Scheduling Job Involving both RAM and CPU

Overview

The question was part of a system design question, where I had to design 2 functions:

Schedule a Job
Check if Job is finished
The criteria for scheduling a job on a rack of machines, was that each job requires a certain amount of CPU & RAM, and each machine has different amount of CPU & RAM.

So how do I go about optimally scheduling jobs on it?

Multiple jobs could be scheduled on the same machine, as long as it can support it.

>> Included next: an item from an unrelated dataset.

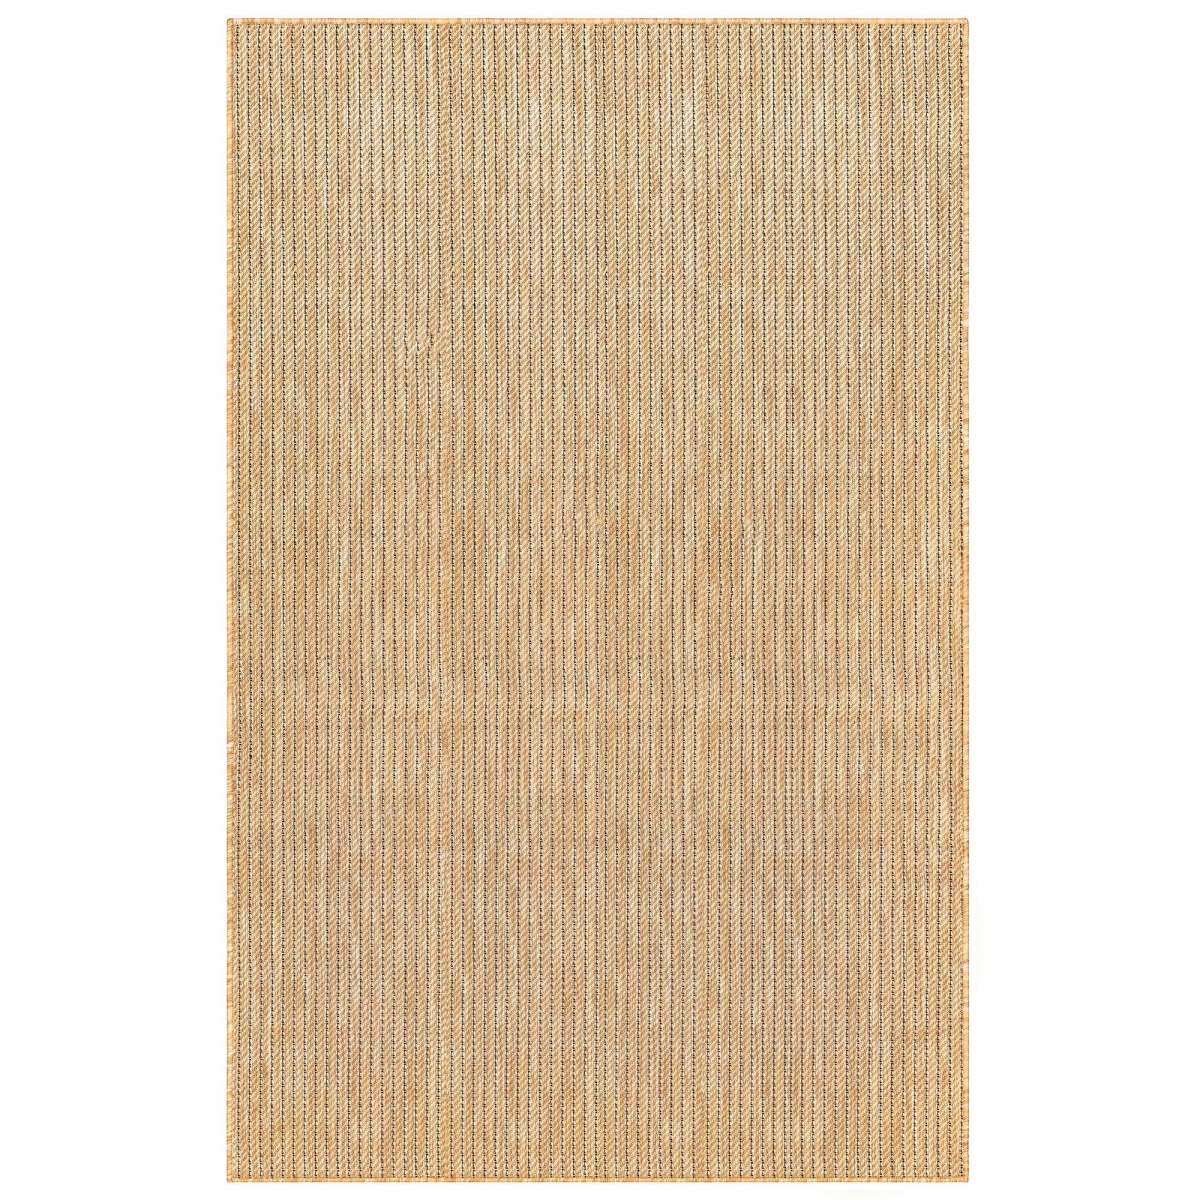 Trans-ocean Imports Cre69842212 6 Ft. 6 In. X 9 Ft. 4 In. Liora Manne Carmel Texture Stripe Indoor & Outdoor Rug Wilton Woven Rectangular Rug - Sand

Second part was to check if the Job is finished or not.

Solution

Category the job with CPU&Memory, such as S, M, L, XL.
Prioritize the job.
Use message queues to publish job. Meanwhile, provide an API layer to get job/update job info (including status)
Each worker node subscribe to the message queues.
Worker Node itself have logic to determine which kind of job it could get, based on its current CPU/Memory consumption.
The job running on worker node is isolated, worker node have daemon to monitor the job’s resource consumption/status, able to kill the job if found job is dead or exceed resource quota.
Worker node daemon will update job status to the API layer, periodically.
Have monitor to check the message queue length, dynamically scale machines.
Have monitors to monitor the job progress, if one job don’t have update for long time, mark the host worker node as un-healthy and release the job task. This monitor could co-locate on worker nodes and monitor each other.
Client side will poll the API layer directly to get the job status. If traffic is heavy, need to have cache layer behind API with in-validation logic

final TreeSet<Machine> machinePool = new TreeSet<>((a, b) -> a.cpu != b.cpu ? a.cpu - b.cpu : (a.ram != b.ram ? a.ram - b.ram : a.core - b.core));
class Scheduler {
   public Future<T> submit(Task<T> task) {
        Machine required = new Machine(task.cpu, task.ram, 1);
        Machine found = machinePool.ceiling(required);
        if (!found) throw new RuntimeException("All machine busy");
        Future<T> future = found.submit(task);
        machinePool.remove(found);
        machinePool.add(found);    // reorder
   }
}

class Machine {
   public final AtomicInteger cpu, ram, core;  // available cpu/ram
   public final int cfgCPU, cfgRAM, cfgCore;// default configured CPU/RAM
   private final Executor executor = ThreadPool.newWorkStealingPool();

   public Machine(int cpu, int ram, int core) {
         this.cpu = new AtomicInteger(this.cfgCPU = cpu);
         this.ram = new AtomicInteger(this.cfgRAM = ram);
         this.core = new AtomicInteger(this.cfgCore = core);
   }

   public Future<T> submit(final Task<T> task) {
         if (this.cpu < task.cpu || this.ram < task.ram) {
             throw new RuntimeException("Not enough resource");
         }
         this.cpu.set(this.cpu.get() - task.cpu);
         this.ram.set(this.ram.get() - task.ram);
         this.core.decrement();
         return executor.submit(() -> {
               T res = task.execute();
               this.cpu.set(this.cpu.get() + task.cpu);
               this.ram.set(this.ram.get() + task.ram);
               this.core.increment();
               machinePool.remove(this);
               machinePool.add(this);    // reorder
               return res;
         });
   }
}

class Task<T> {
    public int cpu, ram; // required CPU, RAM for this task
    T execute();    // execute the task and return the computed result of type T
}